*What is expected*: Beginning at the line that contains "Swan coloring pages free pdf printables", transcribe every line up to the last one in the material below. Include no other lines.
● ● ● ● ●
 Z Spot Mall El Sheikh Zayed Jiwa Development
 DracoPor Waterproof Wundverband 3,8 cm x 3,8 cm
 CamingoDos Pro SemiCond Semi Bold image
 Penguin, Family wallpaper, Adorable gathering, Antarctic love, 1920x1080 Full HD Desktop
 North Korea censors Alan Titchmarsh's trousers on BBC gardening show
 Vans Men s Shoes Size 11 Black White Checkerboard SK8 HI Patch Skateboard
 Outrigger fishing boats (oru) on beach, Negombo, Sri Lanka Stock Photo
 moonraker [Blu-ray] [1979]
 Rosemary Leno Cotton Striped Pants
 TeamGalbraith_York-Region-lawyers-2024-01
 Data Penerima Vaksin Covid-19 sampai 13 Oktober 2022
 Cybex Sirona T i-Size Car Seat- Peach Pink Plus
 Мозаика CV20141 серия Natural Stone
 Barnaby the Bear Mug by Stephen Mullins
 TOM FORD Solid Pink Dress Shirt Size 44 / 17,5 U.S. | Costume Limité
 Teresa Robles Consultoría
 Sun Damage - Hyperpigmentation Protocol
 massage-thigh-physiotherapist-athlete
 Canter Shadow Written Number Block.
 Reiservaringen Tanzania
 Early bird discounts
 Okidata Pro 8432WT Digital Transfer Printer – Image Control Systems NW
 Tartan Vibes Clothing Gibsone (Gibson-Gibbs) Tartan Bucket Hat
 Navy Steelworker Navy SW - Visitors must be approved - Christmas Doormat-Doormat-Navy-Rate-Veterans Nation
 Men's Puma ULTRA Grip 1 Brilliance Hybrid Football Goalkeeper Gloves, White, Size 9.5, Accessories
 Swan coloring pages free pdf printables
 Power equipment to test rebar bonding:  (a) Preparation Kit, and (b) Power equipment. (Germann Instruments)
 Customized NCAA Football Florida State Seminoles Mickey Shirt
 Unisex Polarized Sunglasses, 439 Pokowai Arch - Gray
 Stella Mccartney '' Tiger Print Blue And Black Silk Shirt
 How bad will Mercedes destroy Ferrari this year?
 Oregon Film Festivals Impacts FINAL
● ● ● ● ●
*Written answer*:
 Swan coloring pages free pdf printables
 Power equipment to test rebar bonding:  (a) Preparation Kit, and (b) Power equipment. (Germann Instruments)
 Customized NCAA Football Florida State Seminoles Mickey Shirt
 Unisex Polarized Sunglasses, 439 Pokowai Arch - Gray
 Stella Mccartney '' Tiger Print Blue And Black Silk Shirt
 How bad will Mercedes destroy Ferrari this year?
 Oregon Film Festivals Impacts FINAL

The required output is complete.